But I already have a suspiction. I think the drive falls back from fully operational state to the "safe-op" state for some reason (watchdog timeout or some similar reason). ... In safe-op state the outputs and also motion are disabled...
I have to monitor state-change events and all of the status and error registers to catch such unexpected state changes.
Unfortunatelly, my assumption was false. I verified that the drive is in fully operational state and stays there as long as the power stage is enabled. So it must be something else.
I'll check the tuning parameters. Maybe there is a register that defaults to zero unless it is explicitely set.
It's been almost a month and I'm still struggeling. I have bought a brand new servo amplifier from Sanyo Denki in the hope that their implementation is better than the Chinese. Well, the good news is that, at least, it returns an error code where the JMC servo just doesn't work without error message. The bad news, however, is that it fails even earlier. It refuses to switch state from pre-op to safe-op and complains about "no valid outputs". The Beckhoff docs say that this error should occur only in the "O" state (operational) or at the transition from "S" to "O" (safe-op -> op). I have no idea why it occurs at the transition from "P" to "S" (pre-op -> safe-op). It is not possible to transmit output states (RxPDOs) before the state machine is in the safe-op state, so this makes no sense to me.
At the moment I feel totally lost. I don't want to give up as I have invested so much work. I feel that I'm only inches away from the ultimate solution but there is always one more bug...
At the moment I feel totally lost. I don't want to give up as I have invested so much work. I feel that I'm only inches away from the ultimate solution but there is always one more bug...
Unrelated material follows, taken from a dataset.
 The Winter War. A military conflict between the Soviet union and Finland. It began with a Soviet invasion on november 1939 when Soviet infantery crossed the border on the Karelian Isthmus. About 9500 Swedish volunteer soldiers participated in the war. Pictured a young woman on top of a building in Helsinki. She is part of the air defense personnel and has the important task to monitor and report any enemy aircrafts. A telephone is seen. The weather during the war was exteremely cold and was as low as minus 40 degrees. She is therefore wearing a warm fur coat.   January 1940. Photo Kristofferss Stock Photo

Heck, don't even think about giving up. You know how it goes, you'll be somewhere having a beer with friends and it suddenly hits you. Been happening to me since forever.
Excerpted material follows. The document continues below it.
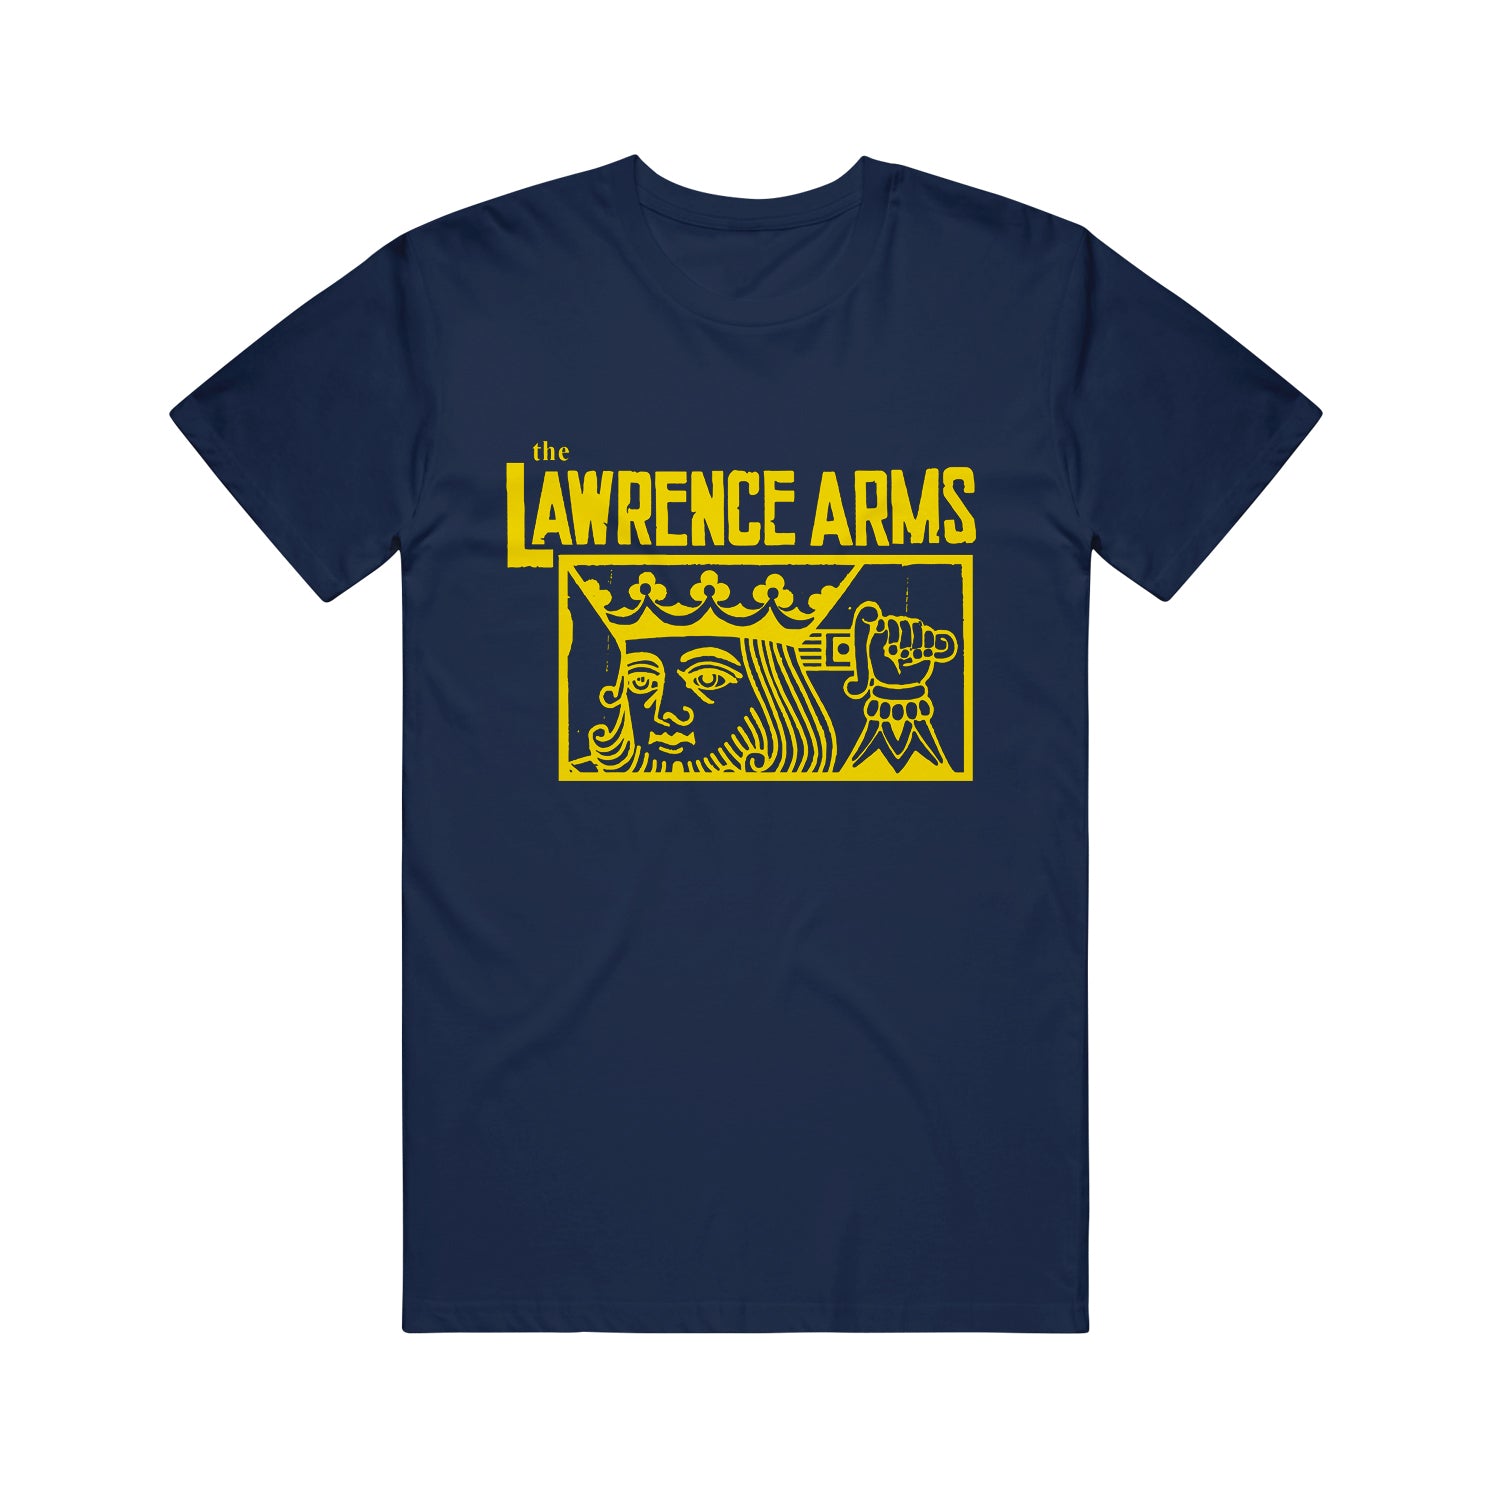 Image of a navy tshirt against a white background. Across the chest in yellow text reads "the lawrence arms". Below that inside of a yellow outlined rectangle is a graphic of a king holding a sword behind his head.

Today I had a video chat with the RTA support team (a dealer selling SanyoDenki servo drives). We didn't find a real solution, unfortunatelly. But we got one more clue that there seems to be a fundamental problem with my communication. Somehow the drive is responding to my commands and acknowledges it. I can even write to registers and read the correct values back. But those values seem to come from some sort of shadow memory or cache. It looks like they are written but they have no effect at all to the rest of the behaviour of the drive. It's like there is some sort of firewall and everything I do stays inside the EtherCat "sandbox".
For example I set PDO mappings. I don't have a real debugger to see what's going on inside the drive but at least the SANMOTION motor setup software displays the number of PDO mapped in its monitor display window. This number stays at zero the whole time while my software is running and communicates with the drive. The displayed number updates correctly if I use EC-Engineer (Ethercat diagnosis software running on the PC). It stays at the setting of EC-Engineer if I run my P2 software afterwards. There must be some secret switch or authorisation protocol that unlocks access.
I'll follow Craig's advice and have a beer while discussing this with my friend Ingolf, tonight.
To debug my communication I have to compare the Ethernet frames transmitted with WireShark. The problem is that with EtherCAT I can't use standard network switches so connect the PC to the network. EtherCat doesn't like that because it adds delay and can cause collisions. All frames use broadcast mode because there are no real MAC addresses. Adressing is done by the physical order the devices appear in the daisy chain.
To solve this I simply connected another Ethernet accessory board to the P2 KISS board, added a second driver object to the software and simply send all packets to both ports. I think this wouldn't have been possible with any other processor. It's just so cool.
With the Prop1 project I have I decided to move the 485 link to the other side of the chip to make the ground plane a little more chunky. That meant also shuffling a few of the other pins along to make room on that side. No problem, I was doing a new board layout anyway.
I didn't know EtherCAT couldn't use a generic Ethernet switch. It's barely valid to have "Ether" in its name then.
@evanh said:
I didn't know EtherCAT couldn't use a generic Ethernet switch. It's barely valid to have "Ether" in its name then.
I was told by a Beckhoff rep that this was possible (although maybe it doesn't work with every switch), and how he found out the hard way that plugging a fourth port into a corporate network was an excellent way to flood the entire network and make it useless for everyone else...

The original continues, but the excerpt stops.